● **WHAT NEEDS TO BE DONE**:
No pictures should appear in the copy. Reproduce exactly the lines from the one containing "Vintage Oxford for" through the end of the material below.

● **DATA EXCERPT**:
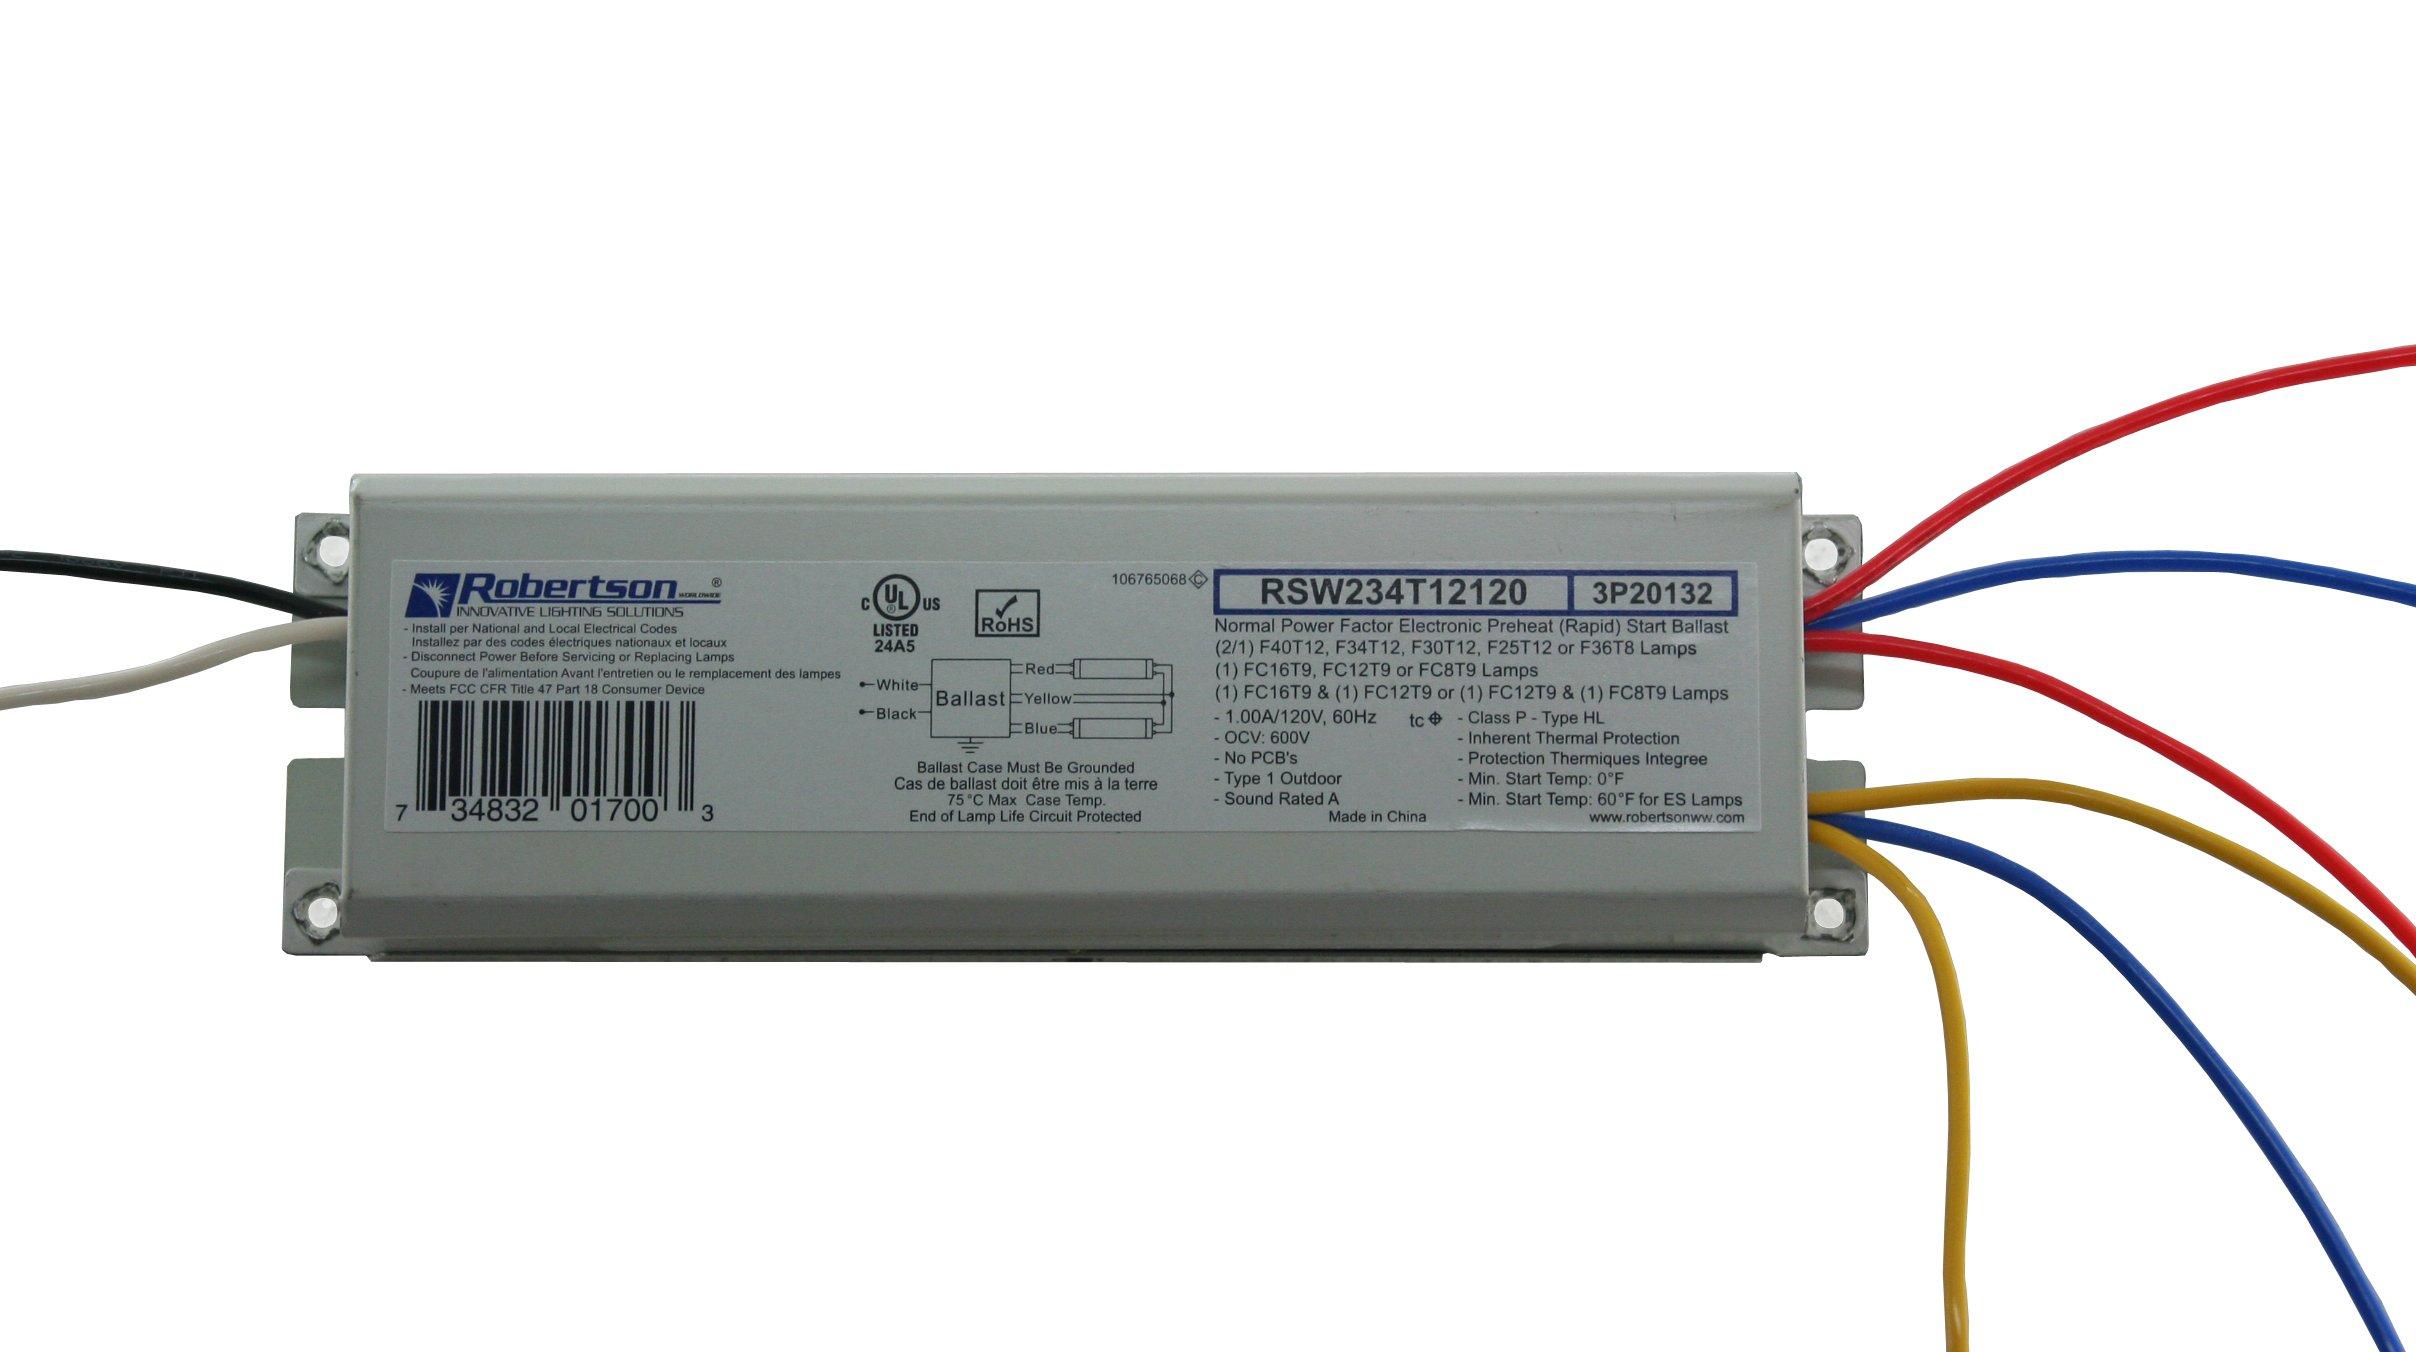 ROBERTSON 3P20132 Fluorescent eBallast for 2 F40T12 Linear Lamps, Preheat- Rapid Start, 120Vac, 50-60Hz, Normal Ballast Factor, NPF, Model RSW234T12120/A (Crosses to 3P20010 Model RSW240T12120/B)
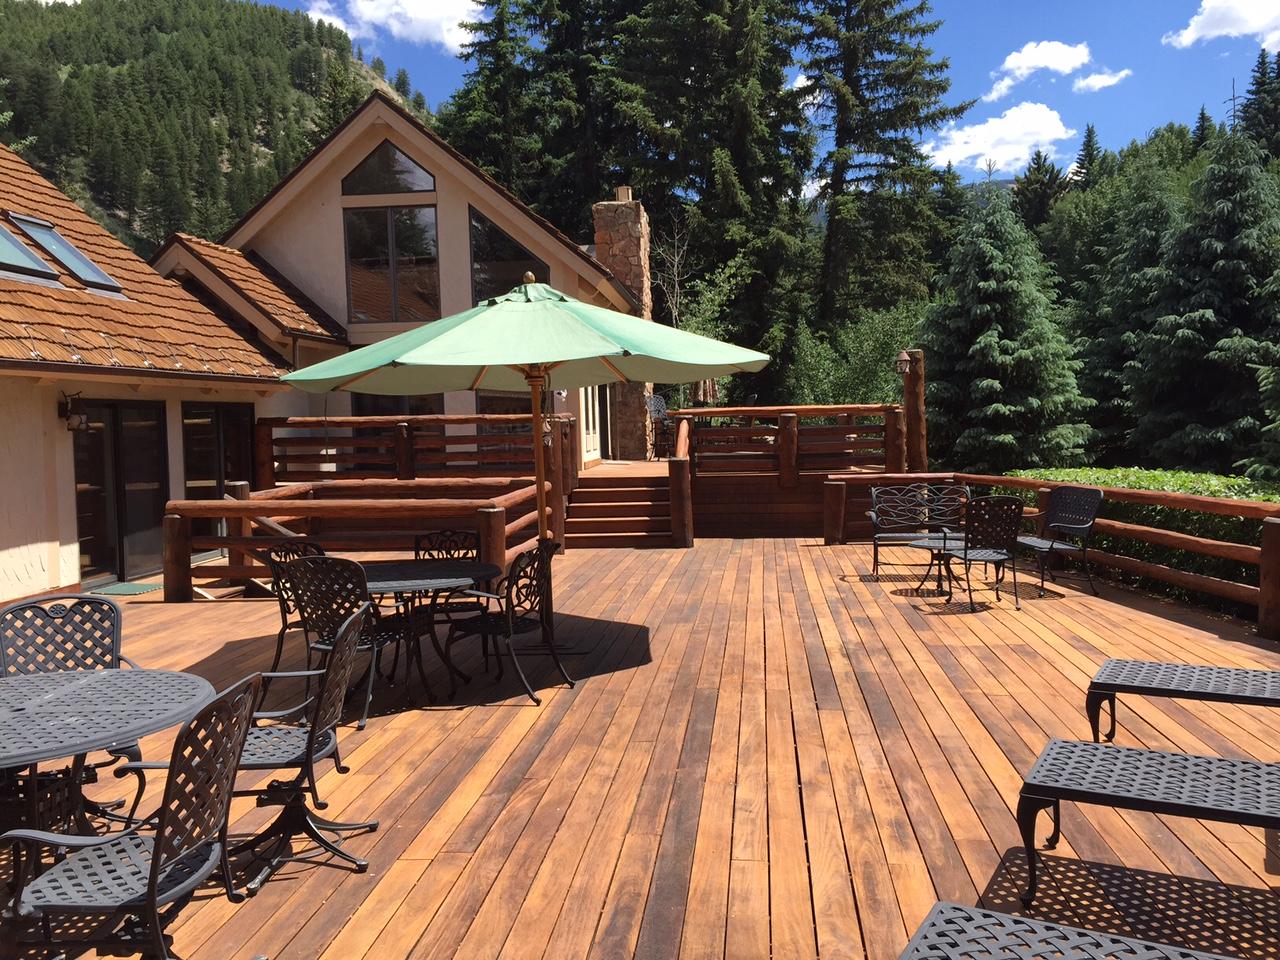 Beaver Creek At Vail Colorado Luxury Home Rental - Colorado luxury homes
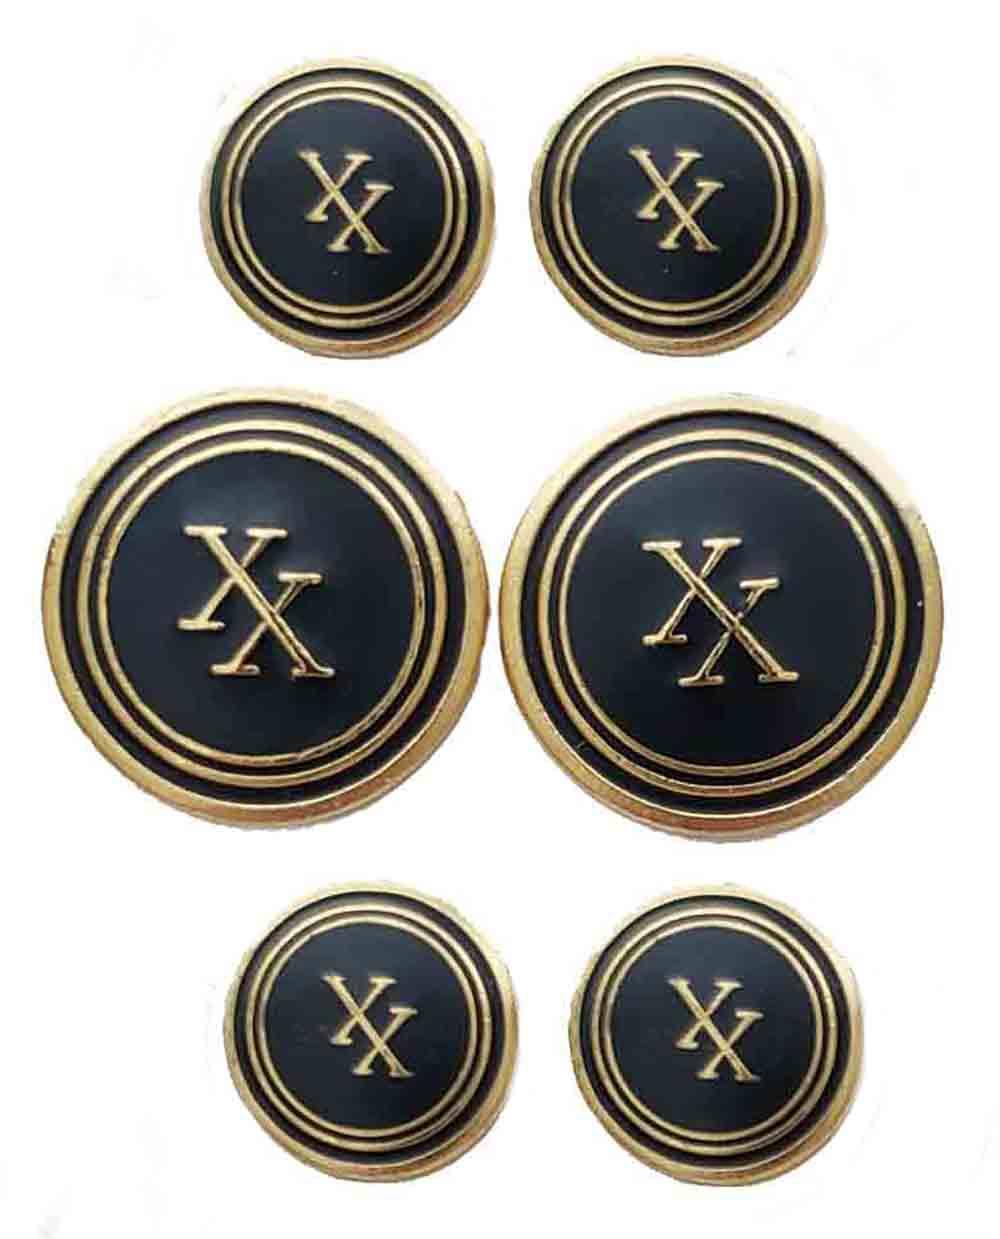 Vintage Oxford for Neiman Marcus Blazer Buttons Brass Enamel Gold Black XX Monogram Men's
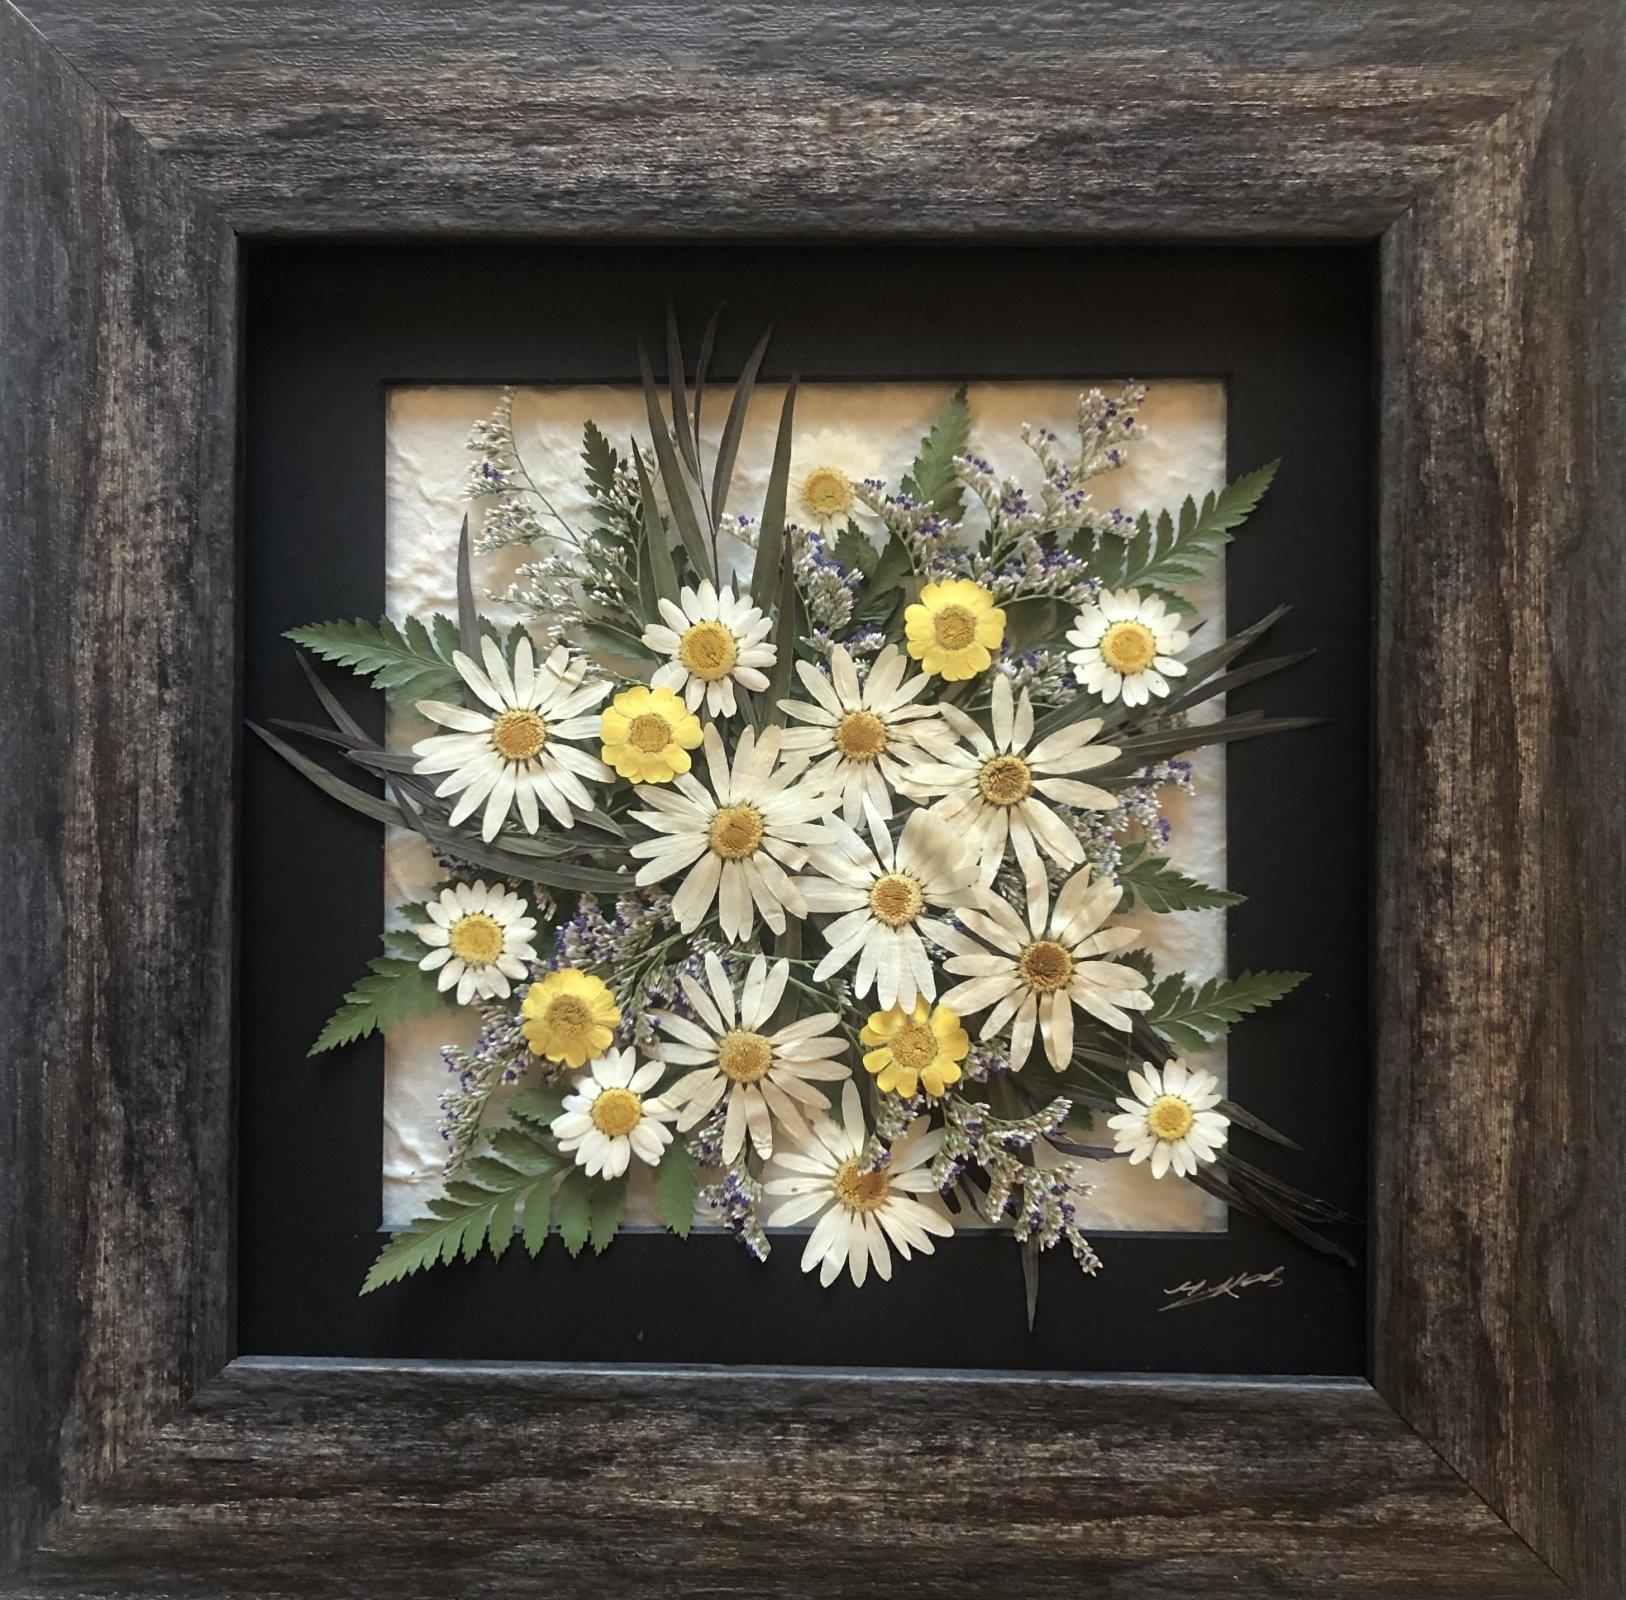 13' x 13 Pressed Flower

● **ANSWER SECTION**:
 Vintage Oxford for Neiman Marcus Blazer Buttons Brass Enamel Gold Black XX Monogram Men's
 13' x 13 Pressed Flower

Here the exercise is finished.